Students with temporary housing contracts are free to leave early

Students with temporary housing contracts are free to leave early

Students who rent a room often have a contract for one year or another set period of time. This way, the landlord secures rental incomes without being bound by a long-term agreement. But what if the student wants to leave early?

Dutch landlords who sublet student rooms are burdening students with unlawful tenancy agreements, tenants association Woonbond told newspaper Trouw. Since 1 July 2016, it is possible to set up a contract for a maximum period of two years (in case of an independent home) or five years (in case of a student room). The tenancy agreements offered to foreign students often state that they cannot terminate the contract early, but, according to the Woonbond, such agreements are against the law.

International students who decide to return to Germany or Brazil after two or three months understandably want to terminate their rental agreement at immediate notice. But if they do, landlords are stuck with empty rooms which they can’t find a new tenant for. These rooms are often specifically furnished and reserved for foreign students.

One-month notice

So what exactly are the rules? In order to find out, we take a look at what the law says, we consult the Dutch government’s website Rijksoverheid.nl, and we speak to local legal aid center Rechtswinkel Tilburg. As it turns out, temporary housing contracts are particularly convenient for landlords. “In the past, the landlord couldn’t force you to leave”, says Jos van Roestel, a former civil law teacher at Tilburg University and currently employed by Rechtswinkel Tilburg as a team leader. “Now, they’re not stuck with the tenant after the term of the contract has ended.”

When a new law is implemented, it is often not immediately clear what the new law means in practice. According to Van Roestel, Rechtswinkel Tilburg hasn’t been contacted by students who have had problems regarding the new law, but it was brought into force less than a year ago. “The first cases could be expected to emerge around this time, because rental agreements often have a one-year term.”

“You want your tenant to stay as long as possible, so that you have certainty”

As coincidence would have it, there was a discussion about it at Rechtswinkel Tilburg just this morning. Can you terminate a temporary housing contract early? That doesn’t seem instantaneously logical. Van Roestel: “The landlord invests in finding a tenant, in order to generate a certain profit.” If a tenant leaves early, it quickly becomes an unprofitable undertaking.”

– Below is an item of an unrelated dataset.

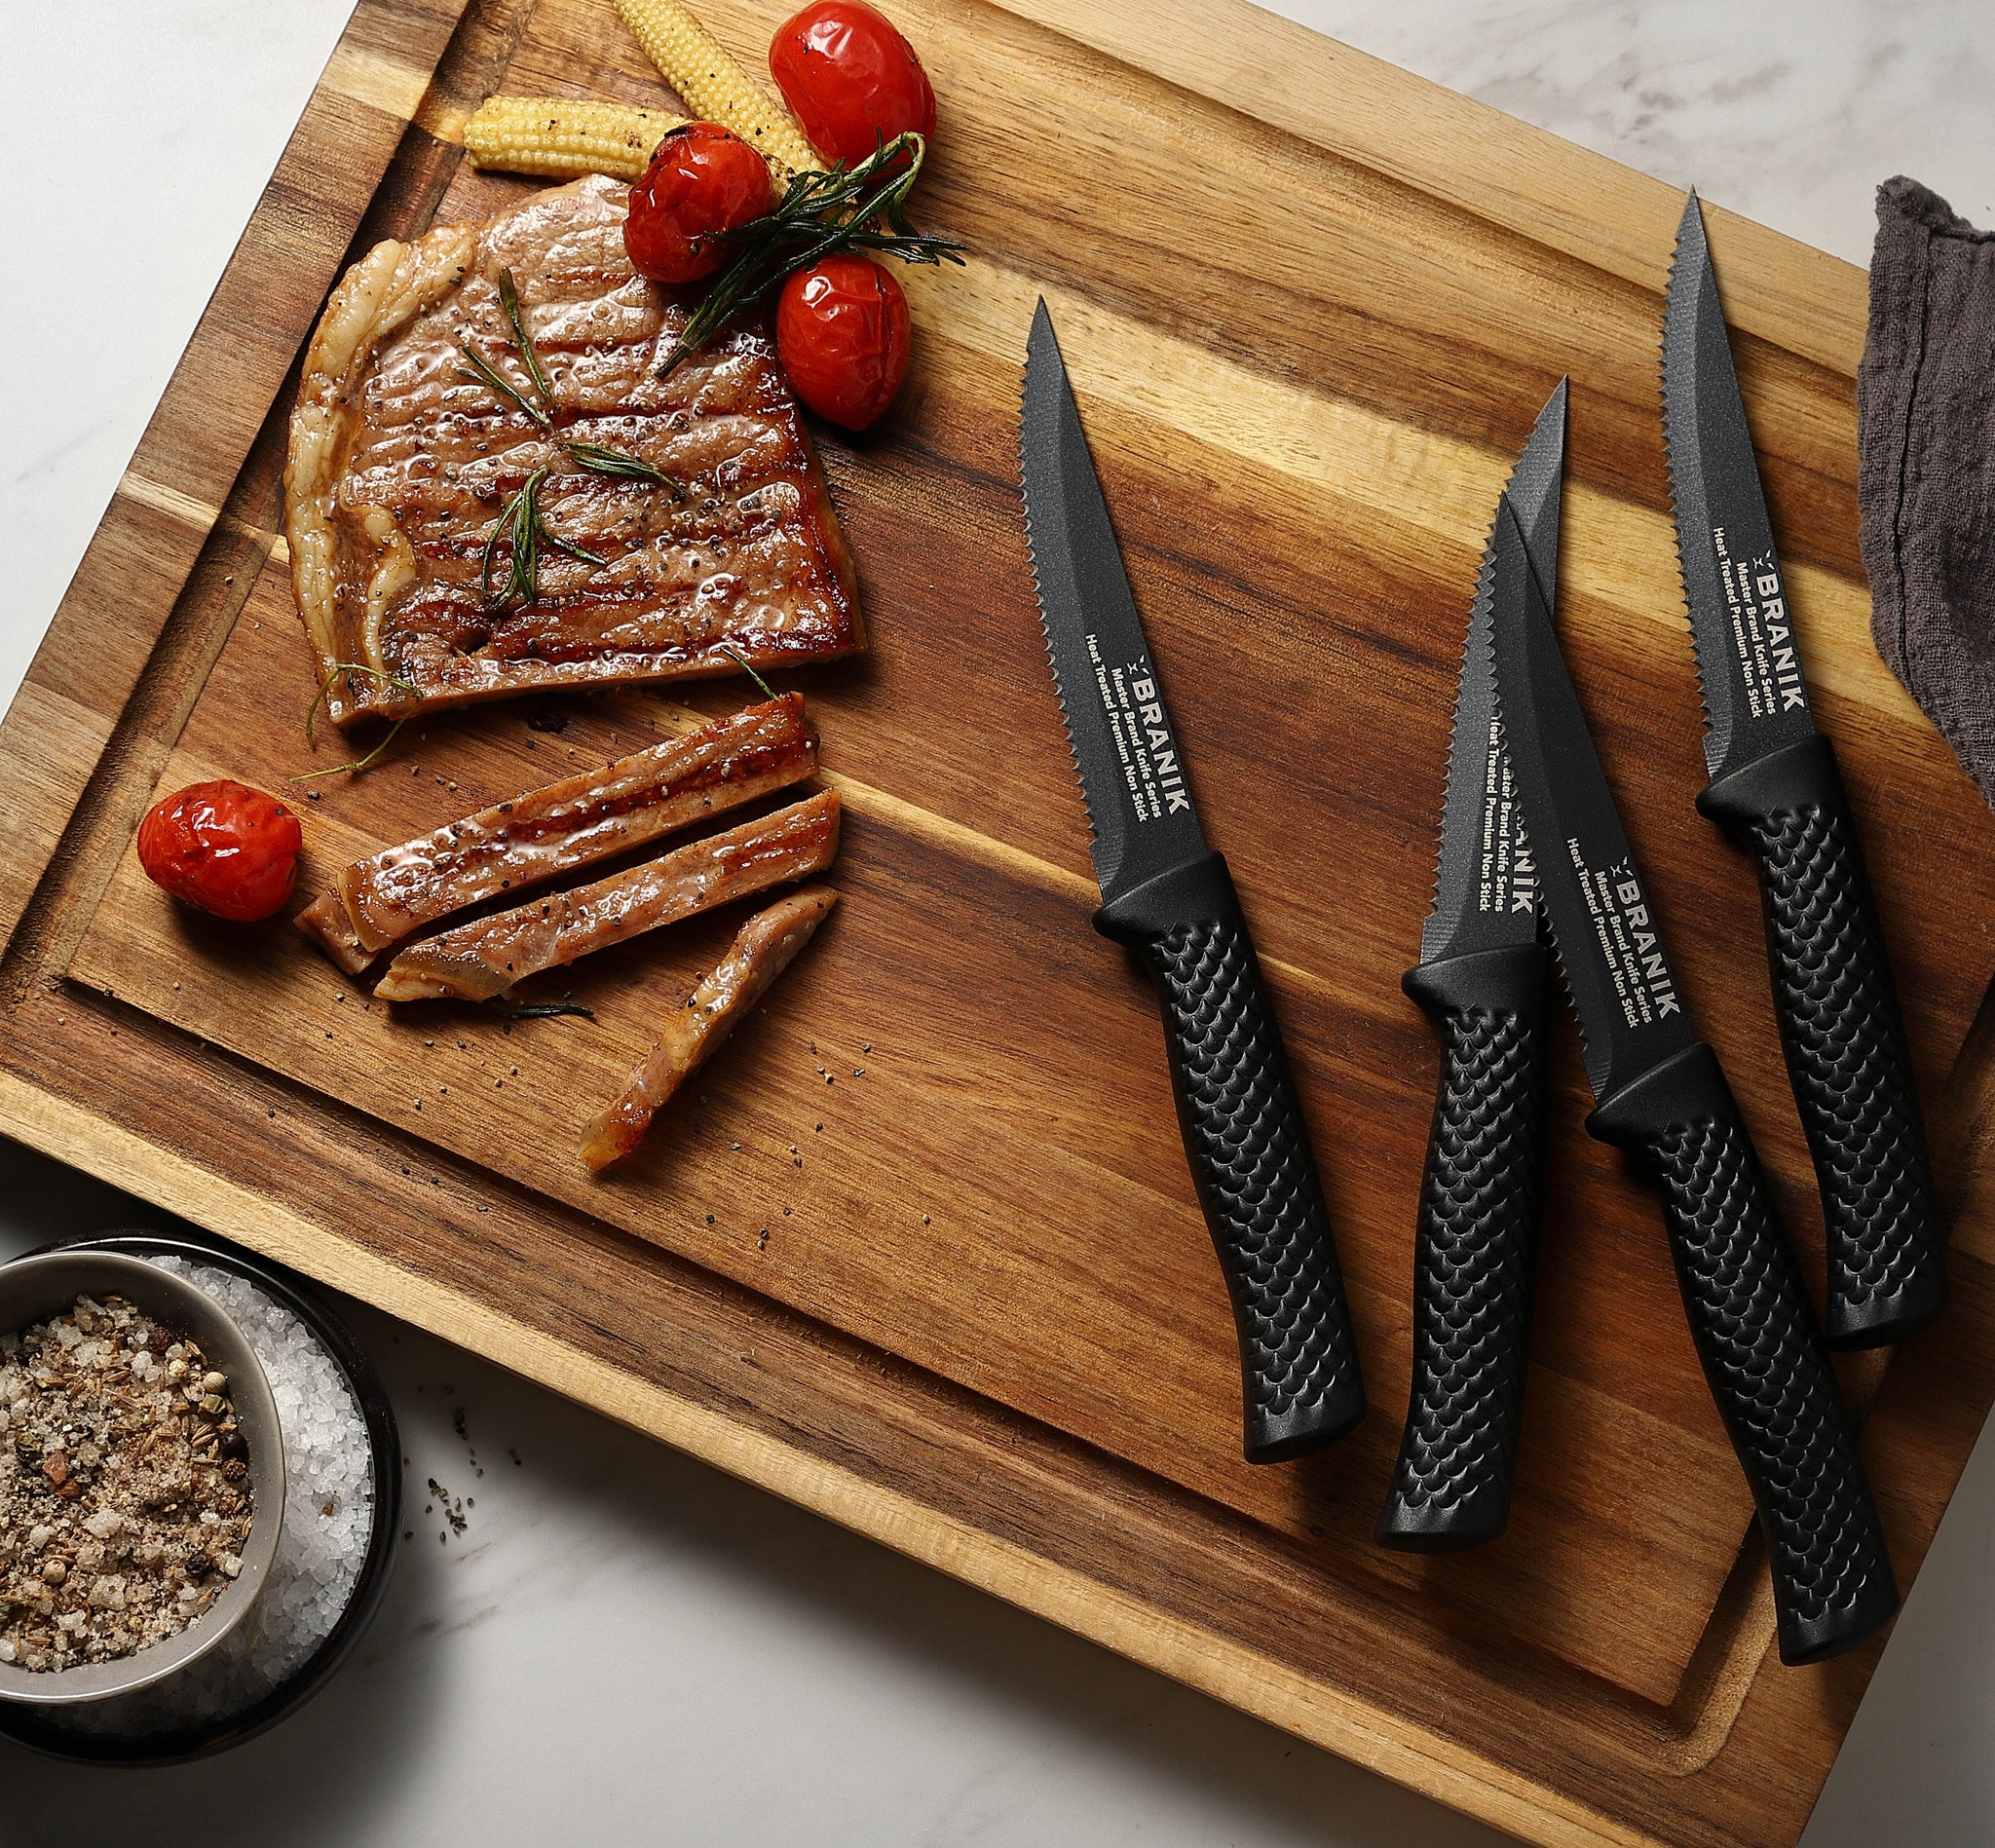 BRANIK 6Pc Black Kitchen Knife Set, Premium German UK

Nevertheless, the website of the government is very clear about it: the landlord cannot terminate the agreement early. The tenant can, taking into account the notice period. The notice period generally equals the payment period, which is usually one month. There are other rules for homes specifically intended for a certain tenant group, such as students. But even then, the law says that terminating the contract early is possible within the notice period. In addition, article 7:271 section 7 BW of the law states that you cannot forbid tenants to terminate the contract. If such an agreement is taken up in the contract, it is simply not valid.

Conflict

A judge is still to rule on the conflict between the tenant association and the landlords, but it seems safe to conclude that the ruling may be unfavorable for the landlords. Unless the court’s decision strongly deviates from the law, which is highly unlikely, students are allowed to terminate their housing contract early – even if they have a temporary agreement. Although the new housing law seemed to benefit landlords, their advantage doesn’t seem to hold up after all. Ardin Mourik, the director of the organization for student housing providers, is preparing for the worst, Trouw reports: “Housing corporations won’t be able to guarantee rooms, and it will be uncertain where foreign students will be able to live.”

Why the landlords don’t just admit their wrong? Rechtswinkel team leader Jeroen Jaspers of the department Consumer and Housing smiles: “I wouldn’t either, if I were them. You want your tenant to stay as long as possible, so that you have certainty. And I can imagine that there is some unclarity. I have read the explanatory memorandum to this law, and, at the time, you weren’t supposed to terminate a temporary housing contract. But when I read the law now, that does seem to be possible.”